Yes. That's great. I mean, of course, we look at the existing customer base with organic growth in the technology we're already delivering and portfolio growth, especially with the early success we're seeing on Compute@Edge and with Security and the Signal Science acquisition. But as far as new logo acquisition goes, we've seen some real progress in the high-tech space, and we're looking at additional verticals where we can really make a concerted fast and wide go-to-market surge in terms of driving new enterprise logos in new verticals. I think with the product packaging improvements that we mentioned, we actually have an opportunity to reach some of the mid-market, especially the high end of the mid-market with a simpler motion, a lower friction motion to onboard new accounts. As we start to get our packaging in order, I think we're going to be able to see some improvement in how well we penetrate, not just large enterprise accounts, but at the high end of the mid-market as well.
The next question is from Sanjit Singh with Morgan Stanley.
It's Matt Wilson, on for Sanjit. Maybe just back to that last one. Can you talk about the opportunity in mid-market through the better packaging? How large is this opportunity? When can it kind of start to show up in financials?
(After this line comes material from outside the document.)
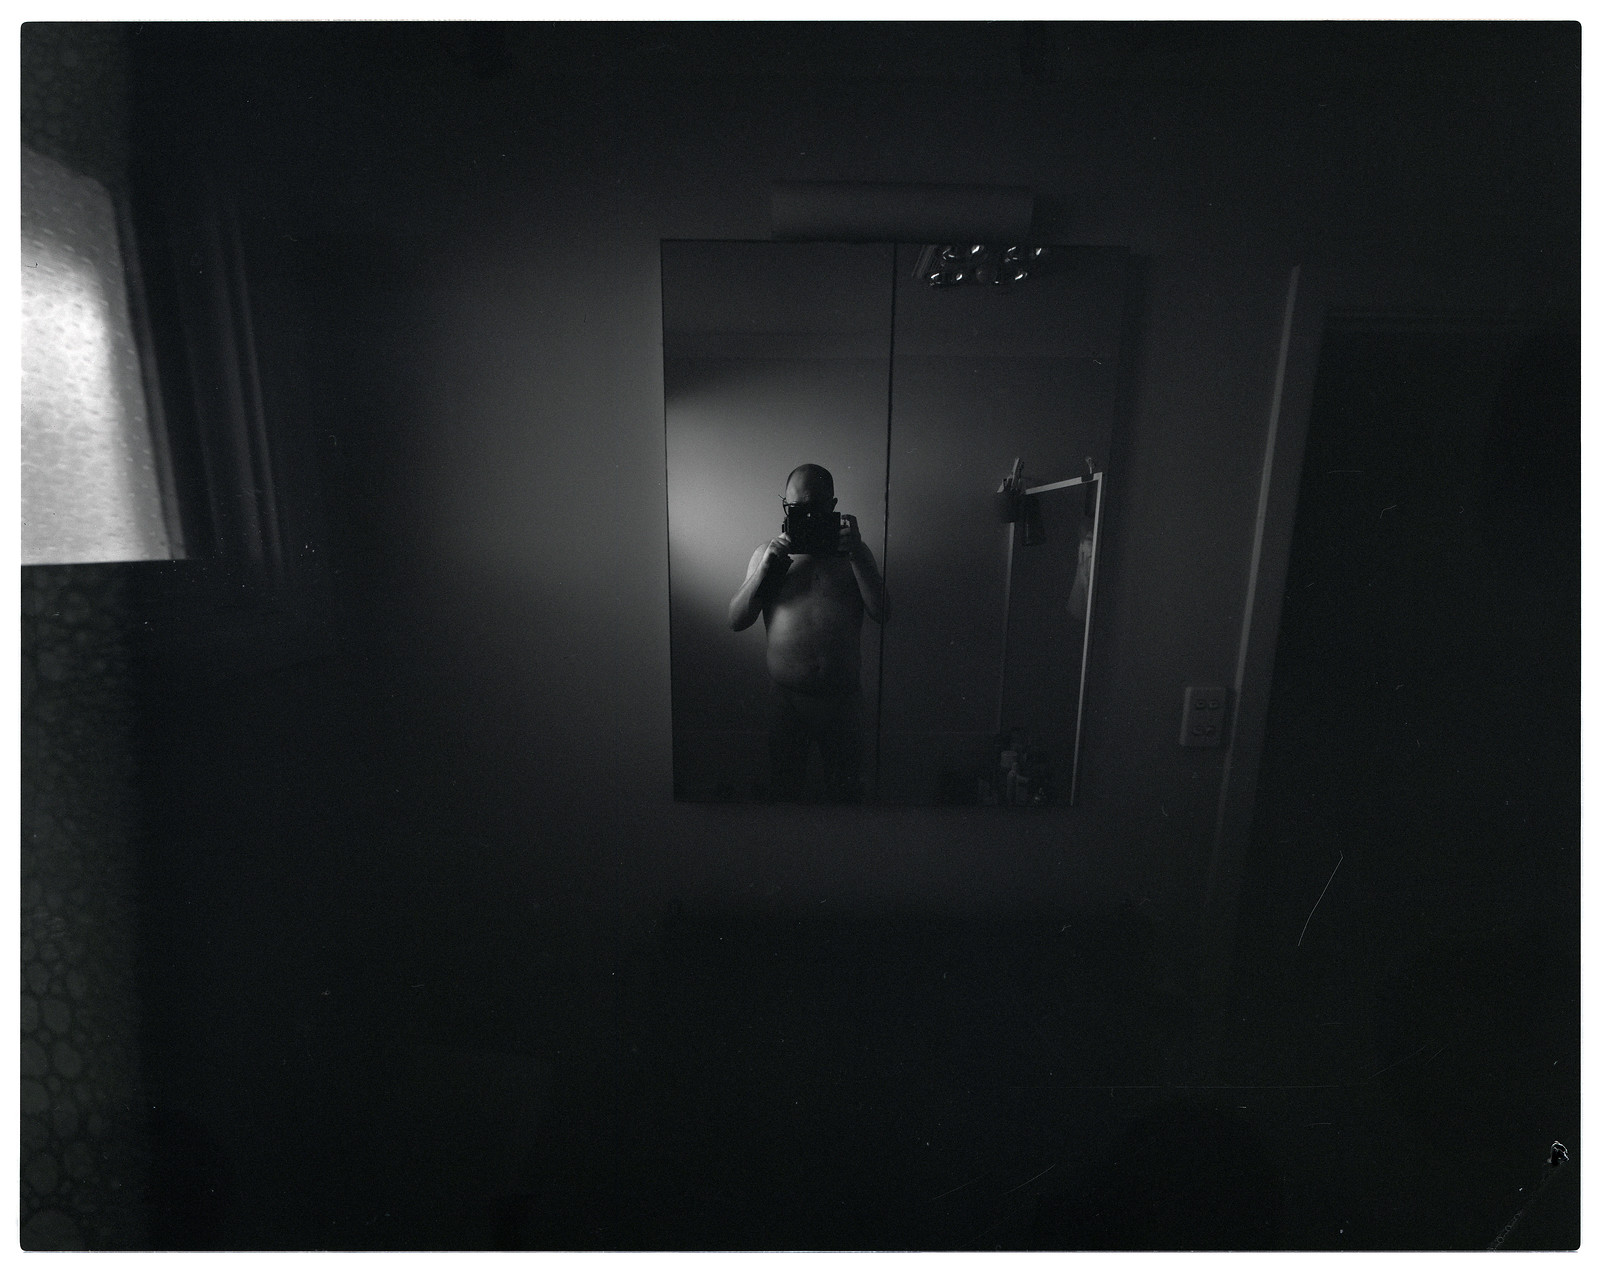 Last Frame Nude Selfie

Sure. Look, I think the better packaging really, it's not just a benefit in the mid-market. It gives us opportunity to lower the friction, really increase the velocity of our sales motion, the way we do our billing and invoicing, how customers understand what they bought and use as much of that as possible, really becoming platform users. I think from a packaging point of view, we have the opportunity impact our kind of core existing enterprise motion for sure. I will say, though, as far as mid-market goes, it's absolutely a requirement that we have simpler packaging that can be bought holistically so that you can deploy our content delivery technology with a single SKU, and that SKU can be transacted quickly and easily. This is, I think, really the most important part of that packaging when it comes to mid-market; it unlocks the opportunity for us to bring content delivery through our channel. We've had some early success on the security side of our business, bringing that to the channel, especially from what Fastly's learned from the SigSci acquisition and by building real simple, straightforward packaging for content delivery with the opportunity to bring that to the channel as well. I'm pretty excited about that. As far as sizing it, I think that's a good question, but something we'll probably have to take to the next call as well.
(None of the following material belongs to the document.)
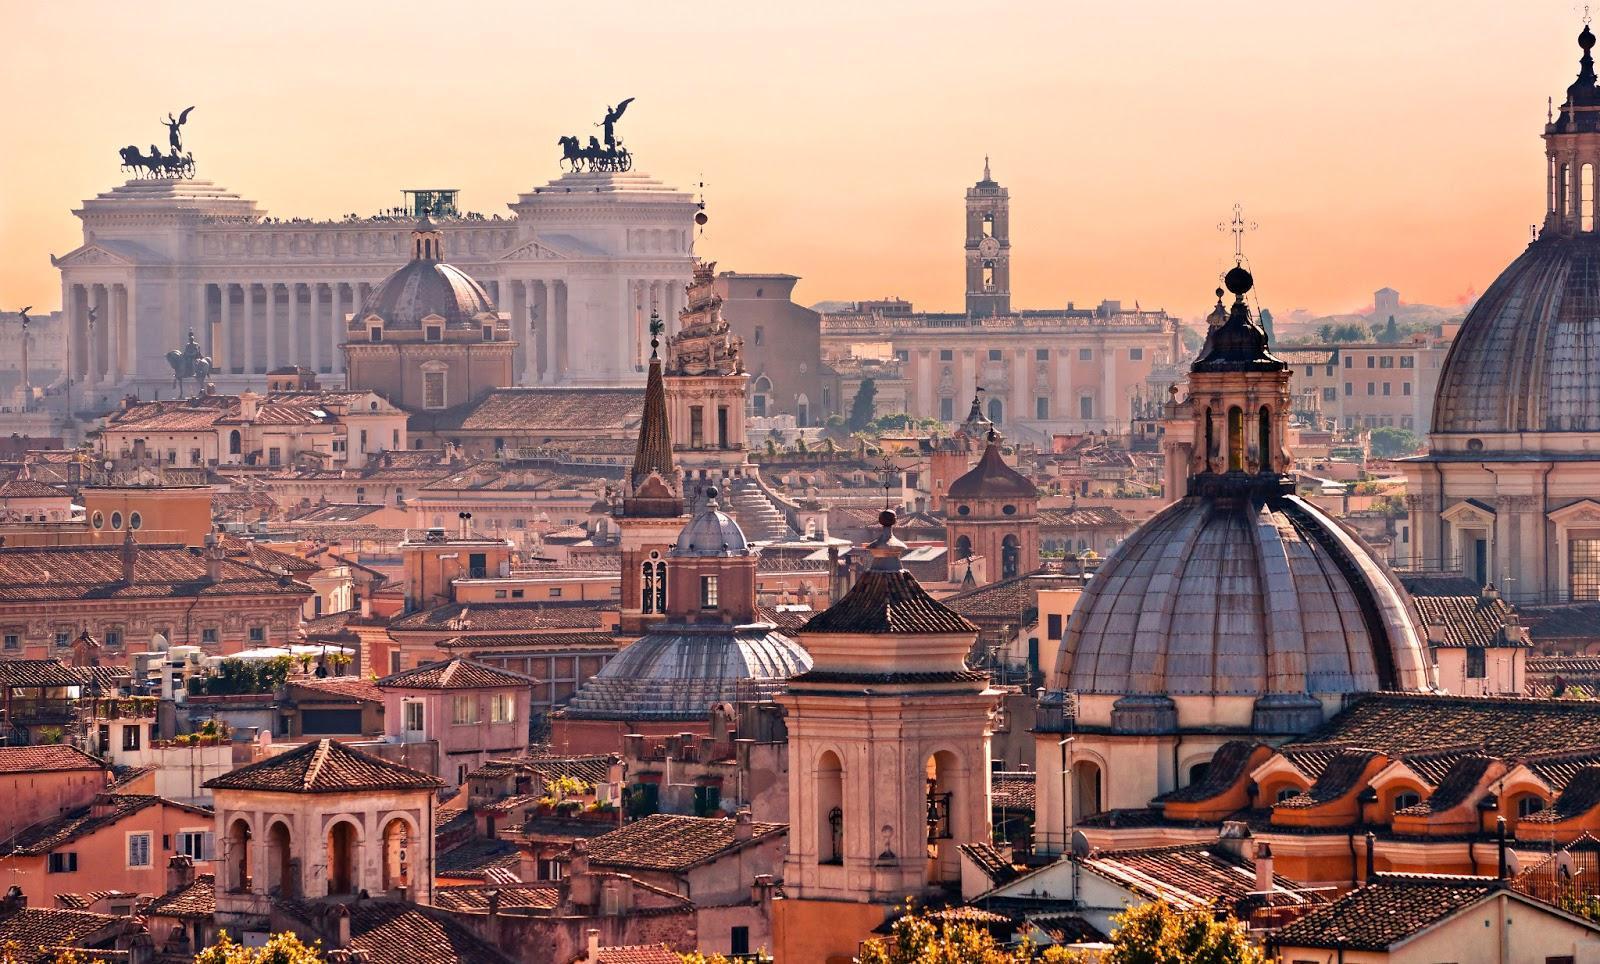 Previsioni meteo Roma: come sarà il tempo nel week end?

The next question is from Will Power with Baird.
Great. Yes, I appreciate all the color on improving the cost structure. I guess, Todd, one of the questions might be as you think about the cost reduction opportunities and improving cash flow, how do you balance that against also trying to improve revenue growth? It sounds like you have some initiatives there. So I guess what's kind of the confidence level and prioritization there between those two areas?
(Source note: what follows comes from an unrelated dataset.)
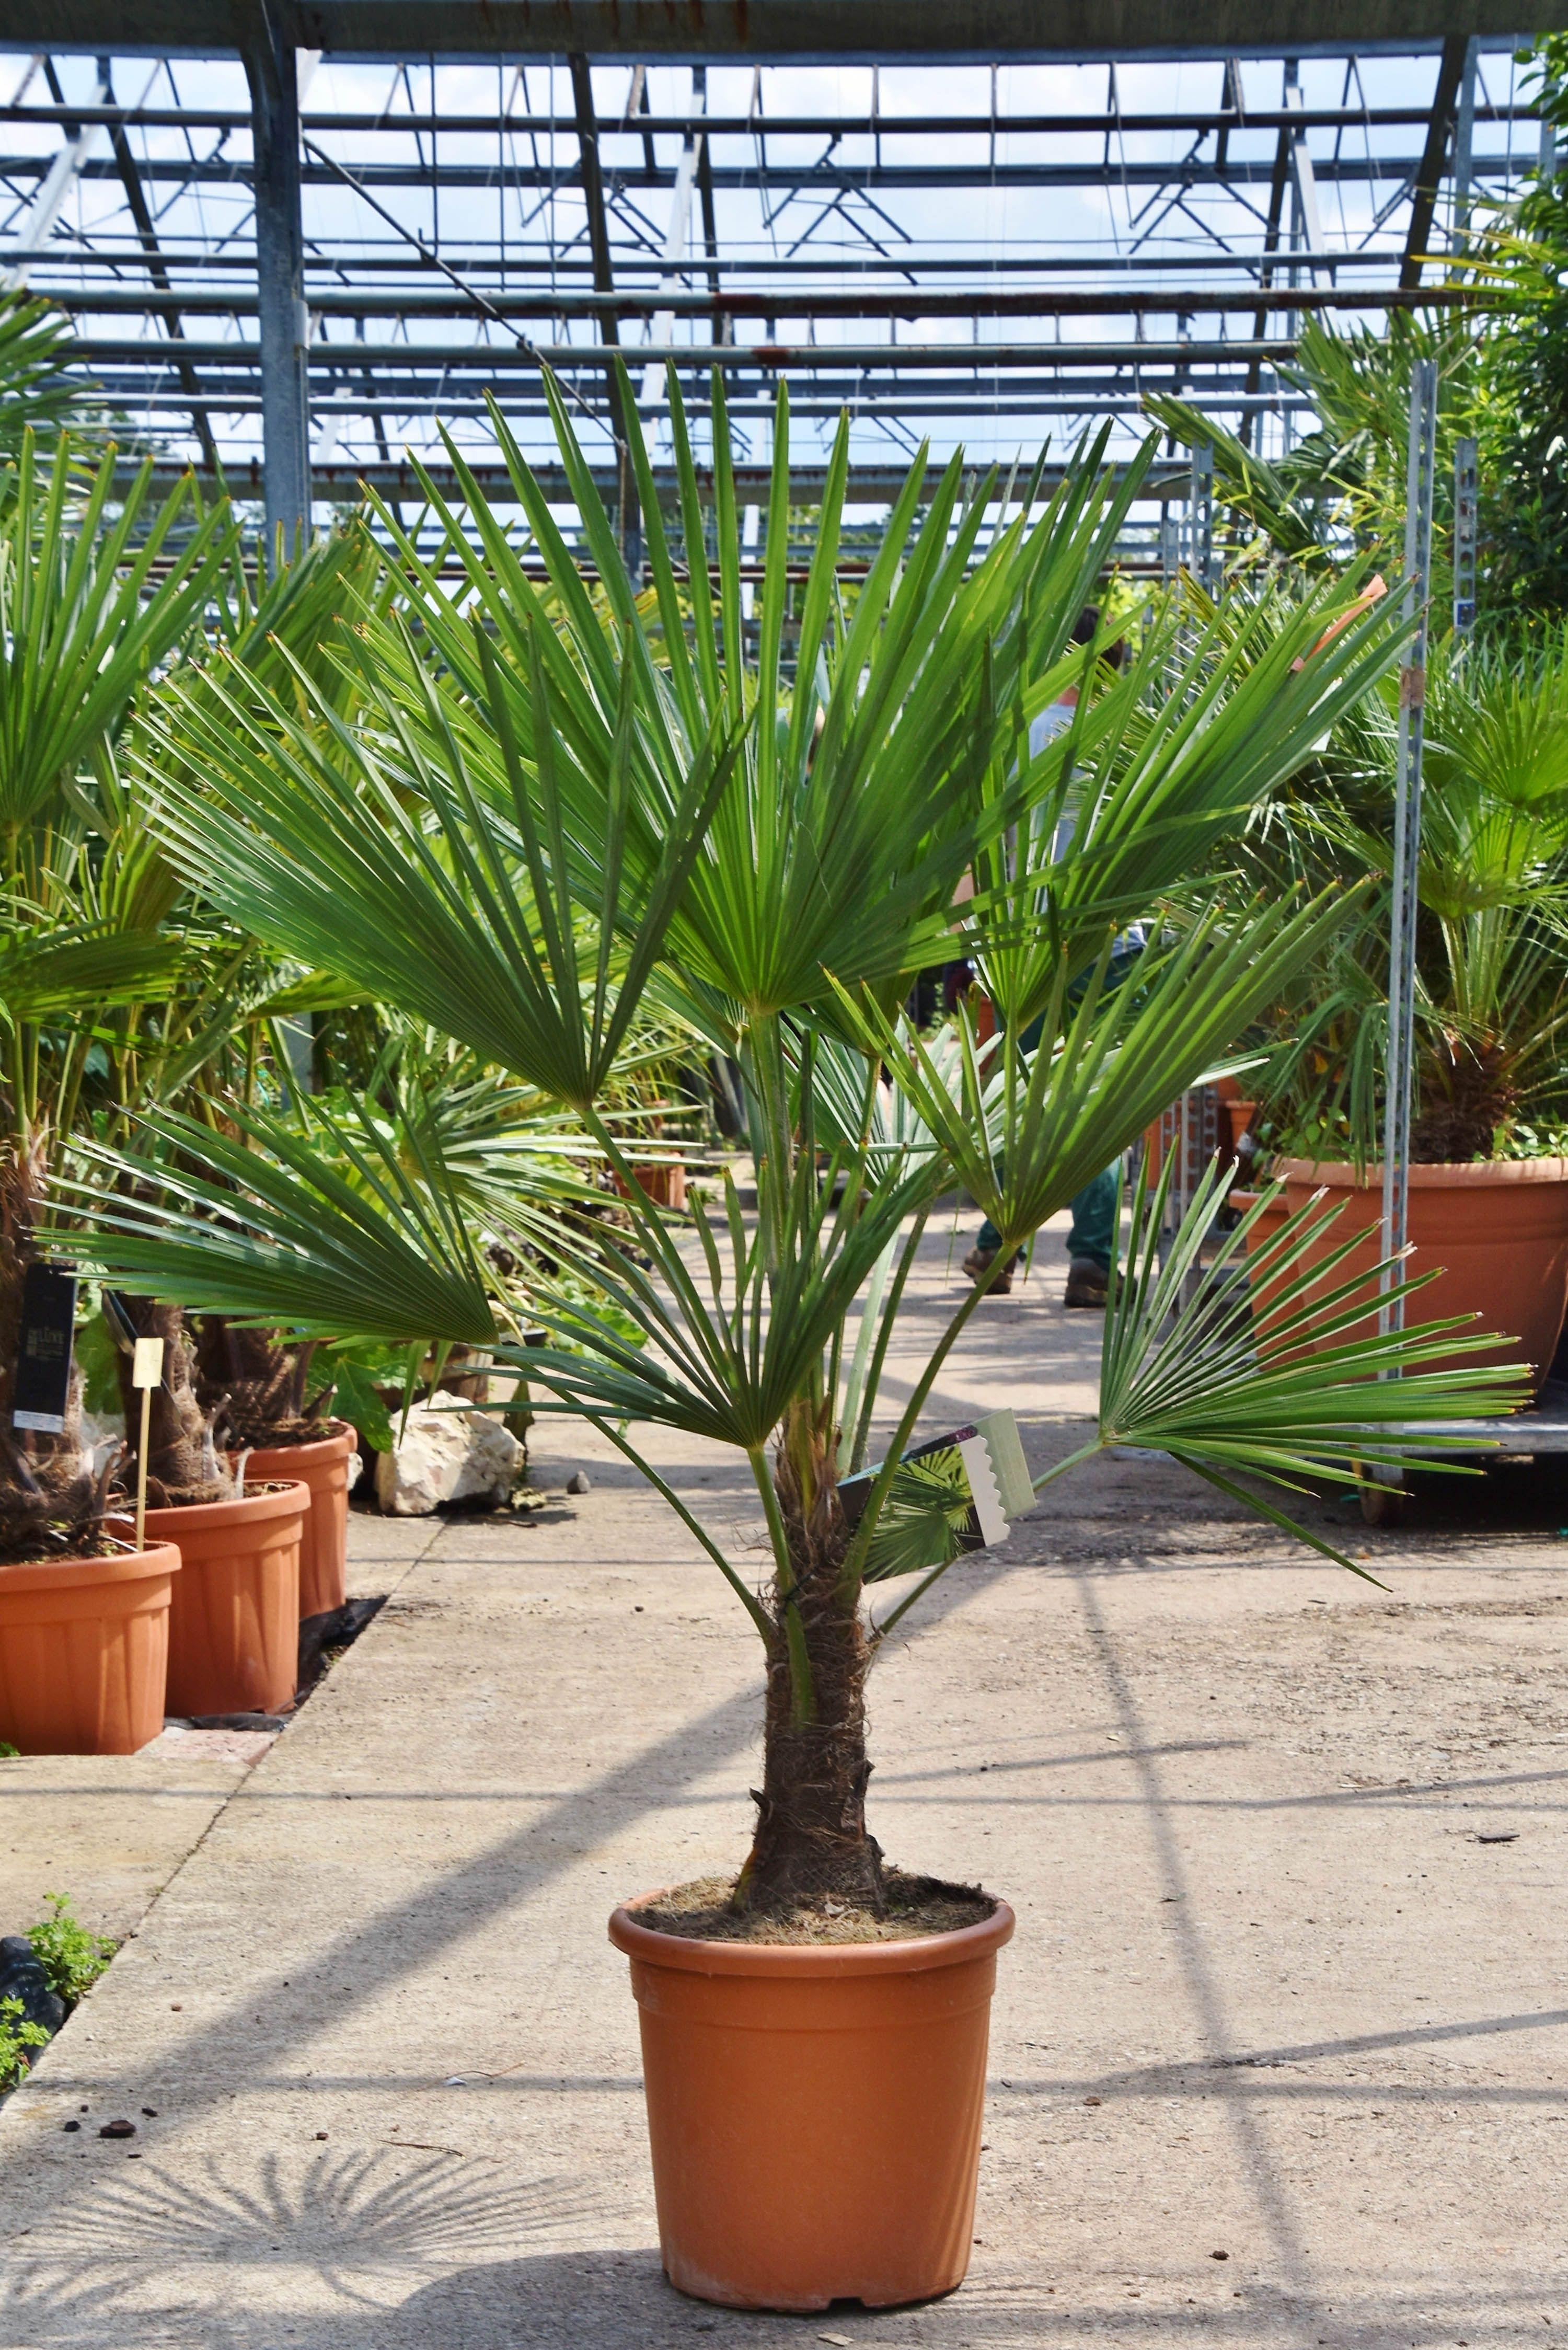 Hanfpalme Fortunei Winterhart 20 30 Stamm Hanfpalme Pflanzen Fur Zu Hause Kubelpflanzen

Yes, that's a great question and is something that’s very important to Ron, myself, and our entire senior team right now. We're focused on making sure that every dollar we spend supports growth while being serious about controlling expenses in the most sensible way. We aim to avoid making drastic cuts that could harm us. We’ve been diligent about eliminating unnecessary expenses in our infrastructure and cost of revenue, as well as on the operating expense side. We're looking to cut costs wherever there's easy wins without compromising growth. From there, we can assess how to balance our spending and growth. There’s a significant opportunity for us to organize ourselves better and ensure that every dollar is utilized efficiently, stepping away from vendors and contracts that do not contribute to our growth. Having been here for about 60 days, I'm still reviewing the details and want to make decisions carefully. The opportunity is there, and we’ll work to achieve this as quickly as possible, aiming to set ourselves up for improved profitability next year while being cautious not to sacrifice growth. I believe we’ll be in a strong position to provide more details in the next earnings call.
Yes, I mean, I think on the first part of the question, I come back to what Todd said in terms of seeing fairly short sales cycles in terms of customers quickly adopting either additional delivery or even more importantly, additional products around security or compute, where we're starting to actually see some traction in those areas. I think that expansion is one area that we saw in the quarter driving some of the increased growth, particularly around the timing trajectory of when customers took on that additional business. In terms of the macro headwind, I think to date, I sort of come back to what's been driving the business thus far: expansion with our existing customers, where we've actually seen maybe even less friction in expanding on existing customers. Given our relative market share, market share gains have sort of helped us against any macro headwinds that we see. Ultimately, I think the service that we do is pretty key to customers. If you look at the dynamics of whether it's M&E or shopping, I think you see opportunities for that traffic to continue to grow.
The next question is from Fatima Boolani with Citigroup.
This is Mark, on for Fatima. Todd, congrats on the first few months in the role, and it's great to see top-line raises on 2022. But just on the operating margin points coming down a point on the sales and marketing investments, is there any specific areas there that are really driving the lion's share of the investments or just a function of the opportunity ahead that you could call out? Can we get a sense of how much incremental investments may be needed just going beyond 2022, just given your initiatives?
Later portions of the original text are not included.